They start a good 'ol country song with the French national anthem(2:20)?
No Way Jose.
Those are the grayest black kids I've ever seen.
Their lip-synching is worse than Milli Vanilli.
That's right, children of the world, Jesus loves YOU. Whether you're Belgian, Argonian, Swedish, Spanish, Australian, Austrian and everything in between (including you crazy letter Z-starting countries I've neglected to mention). Whether your musical scales are tritonic, pentatonic or heptatonic, major or minor. Whether you wear pointy hats, parachute pants or the sacred hawk feathers that carry within them, the spirits of your honored ancestors (who may or may not be Jesus). Jesus loves all of you!
Except the little Arab children, sorry. In 1982, Jesus Court made the ruling that these poor souls are not actually human children, but a kind of fish. This hereby absolves Jesus of the responsibility of loving them. This also means that they can be eaten during Lent.

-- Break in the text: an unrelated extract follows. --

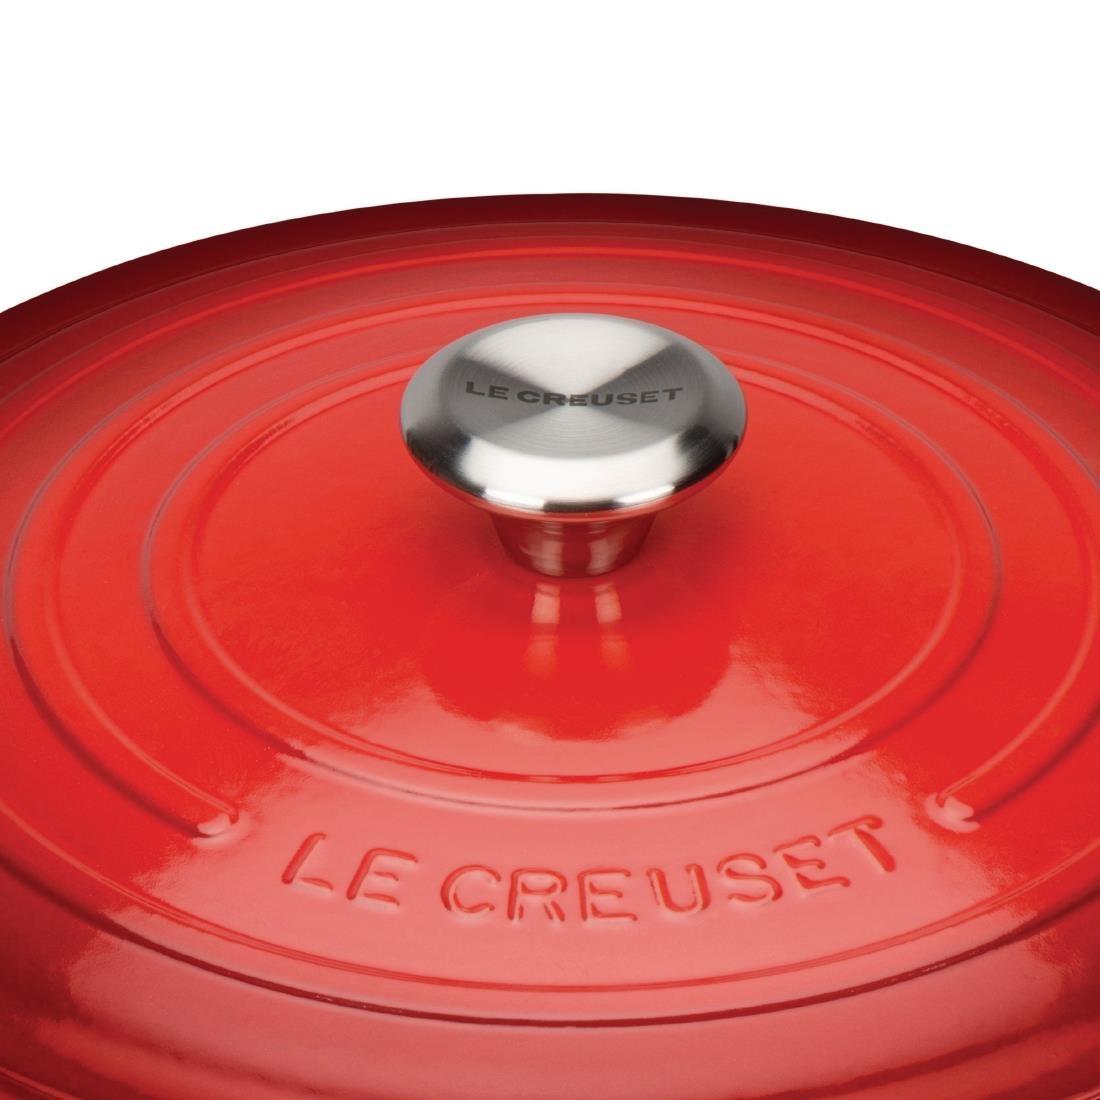 Le Creuset Cast Iron Round Casserole 20cm 2.4L Cerise - DR453  - 4

Five stars for "Argonian".
Pity that I already voted, so they will have to be merely honorary.
*cue theme from "Shaft" as run through a Casio keyboard with vocals straight out of a bag of Wonder Bread*
Oh shit. "Red" means Indians, not communists.
Minor revelation here.
It ain't easy being white
|Sean Robinson |
I like the Neil Young "Broken Arrow"-esque breakdowns into the chorus.
Blaaaaaaaaaack just sounded ominous.
Sweet Jesus. A Spanish hat on the Messuicano... and "black" sounded like they were coughing up furballs.
But I fear that I must remove a star because the French were not green.
I literally was so taken aback by the black kids segment that I felt light headed. It's so innocently offensive that you almost feel bad for the naive churchgoers who orchestrated the whole mess. Almost.